La problématique de coordination dans les chaînes d’approvisionnement a été largement traitée dans la littérature scientifique en utilisant notamment des modèles mathématiques qui quantifient les bénéfices de la planification collaborative (voir par exemple Audy et al. 2012 ; Beaudoin et al., 2010 ; Frayret et al. 2007 ; Lehoux et al., 2011 et 2014). Plusieurs études se sont également penchées sur les défis organisationnels de la planification collaborative (Barratt et Oliveira, 2001 ; Barratt, 2004b ; Danese, 2011).
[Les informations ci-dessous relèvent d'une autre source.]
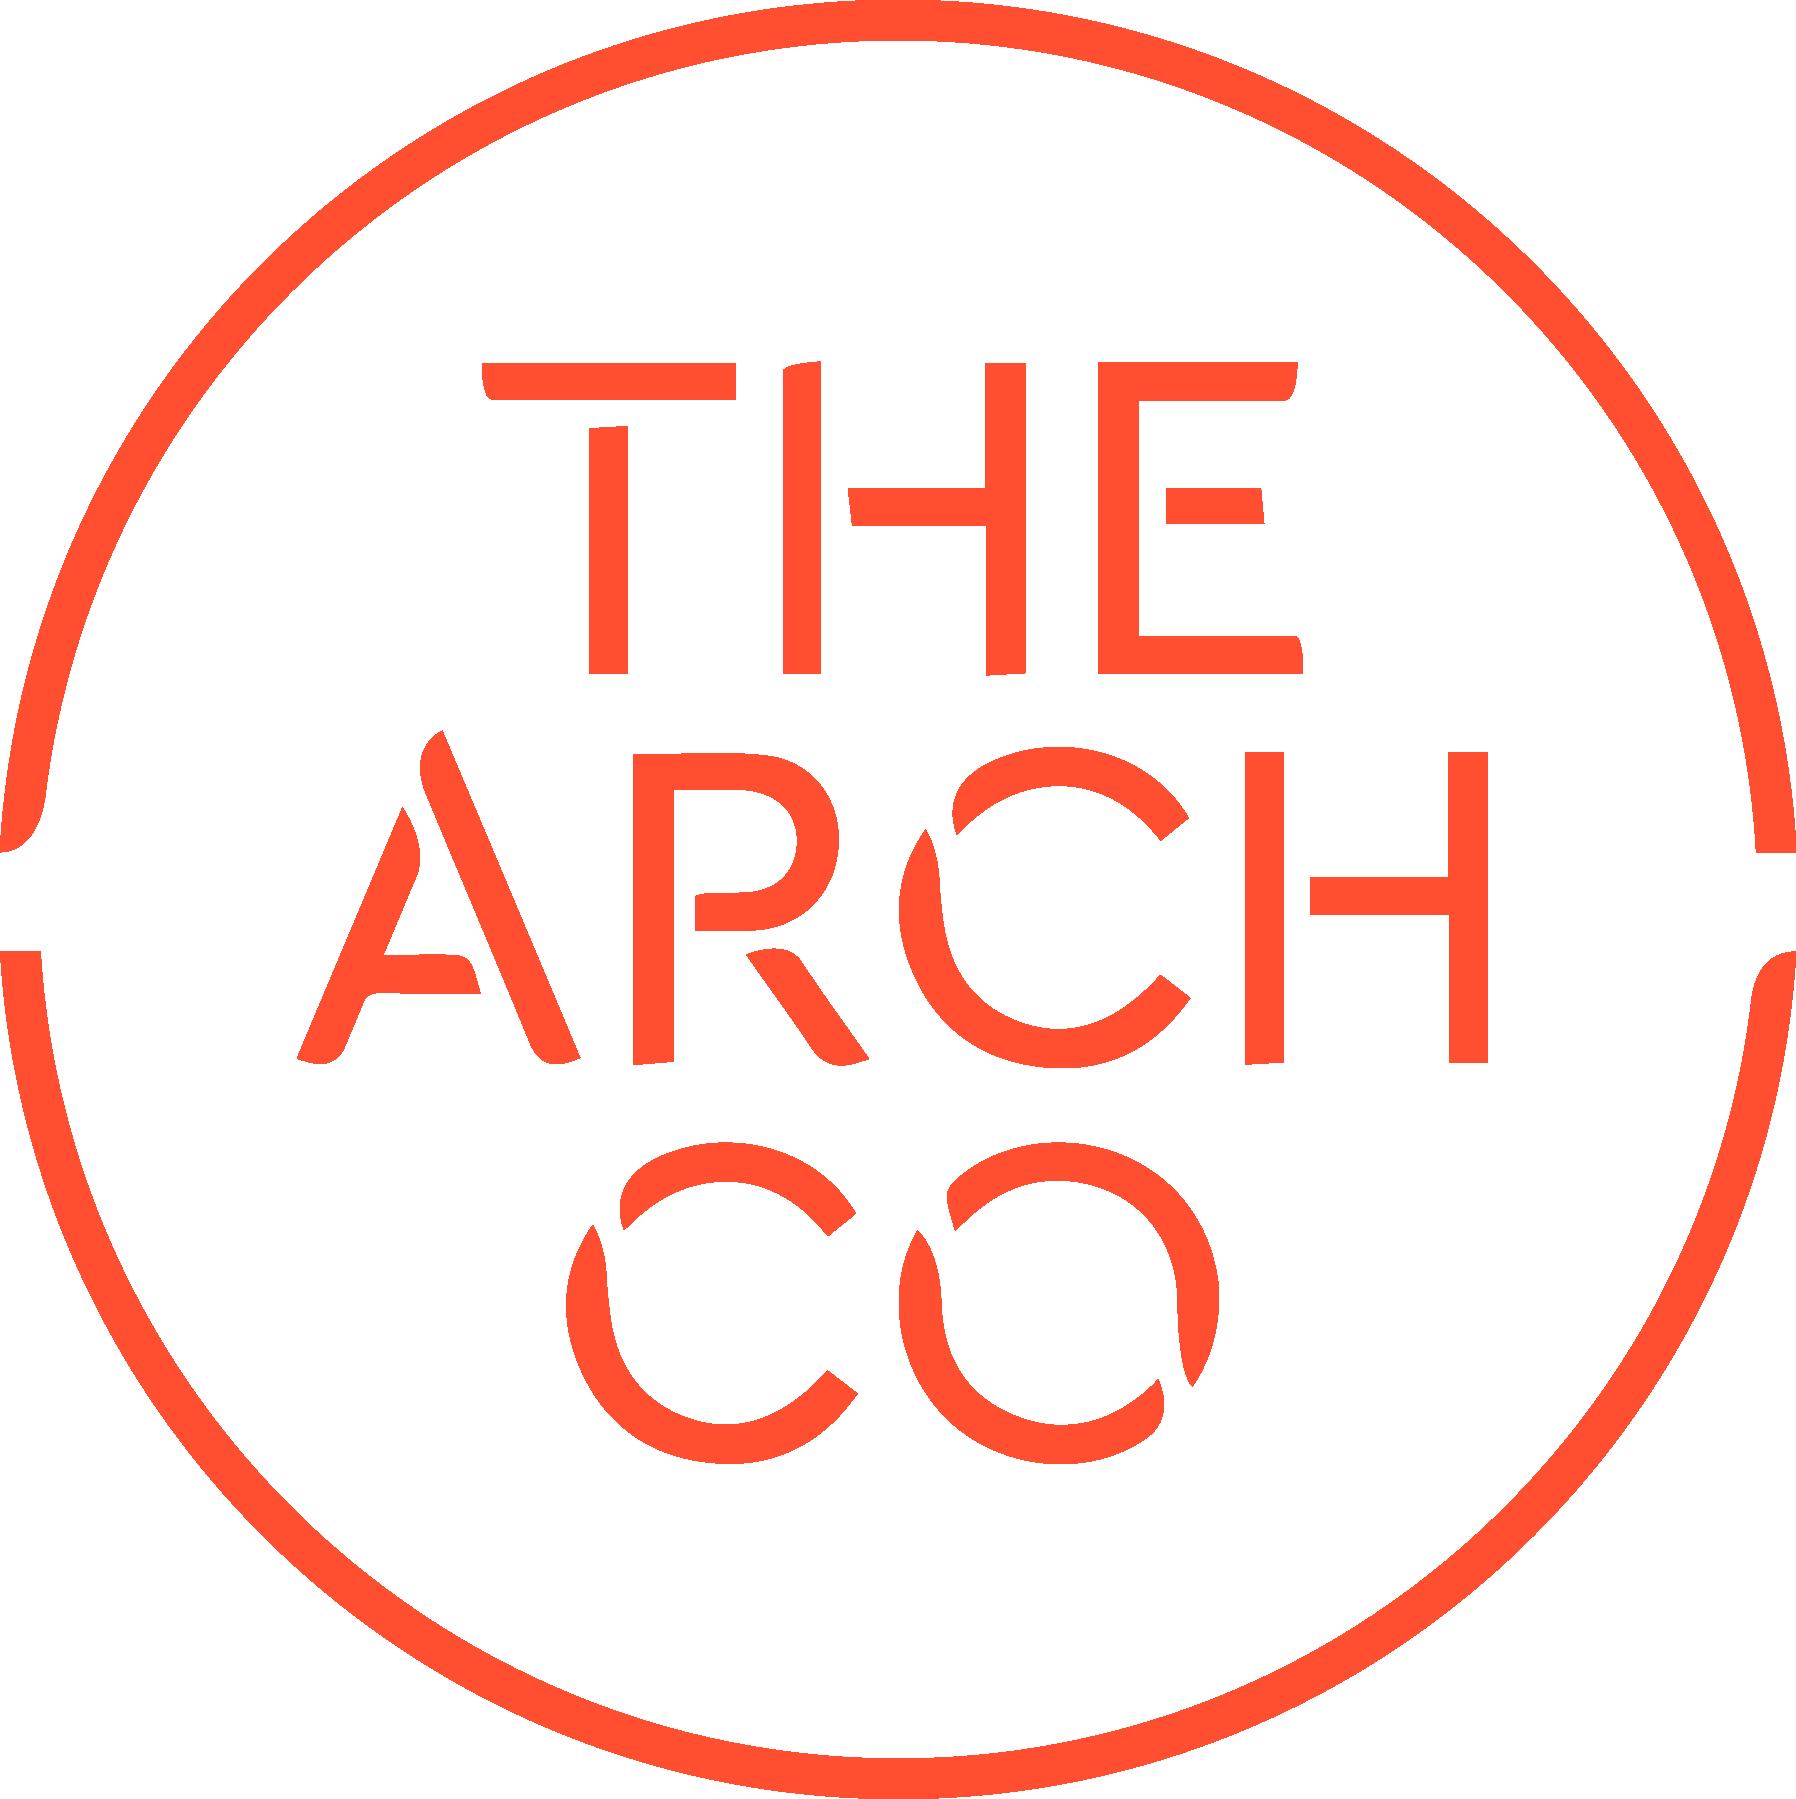 Arch_Co_Logo

Toutefois, relativement peu d’études se sont intéressées aux aspects organisationnels et sociologiques dans des environnements distribués comme celui à l’étude

(Günter, 2007)2. Les difficultés de collaboration qui découlent de la tension entre le désir de contrôle

des usines de transformation du bois sur leur approvisionnement et la nécessité de coordonner leur approvisionnement avec les autres usines imposée par le contexte biophysique et la réglementation en vigueur s’inscrivent dans ces questionnements. En effet, les usines de transformation du bois recherchent un certain niveau de contrôle afin de permettre la mise en œuvre des décisions stratégiques propres à leur organisation. Par exemple, les planificateurs responsables de l’approvisionnement doivent d’une part gérer les coûts associés à la récolte et au transport ainsi que veiller à maintenir un niveau suffisant d’inventaire dans les cours à bois tout en respectant les budgets et les échéanciers convenus par l’organisation. D’autre part, ces gestionnaires doivent aussi concilier la planification de leur approvisionnement avec les autres usines qui partagent un même territoire afin de coordonner les flux de matière. Ces autres usines sont aux prises avec ces mêmes considérations. Comme mentionné dans la problématique, les défis de planification collaborative s’avèrent de taille dans ces conditions. À notre connaissance, la littérature en planification collaborative offre peu d’information concernant les moyens de concilier cette tension entre autonomie organisationnelle et gestion des interdépendances selon une perspective organisationnelle et sociologique. Audy et al. (2012) soulignent d’ailleurs que la collaboration dans les chaînes d’approvisionnement est un phénomène complexe qui mérite d’être étudié de manière multidisciplinaire.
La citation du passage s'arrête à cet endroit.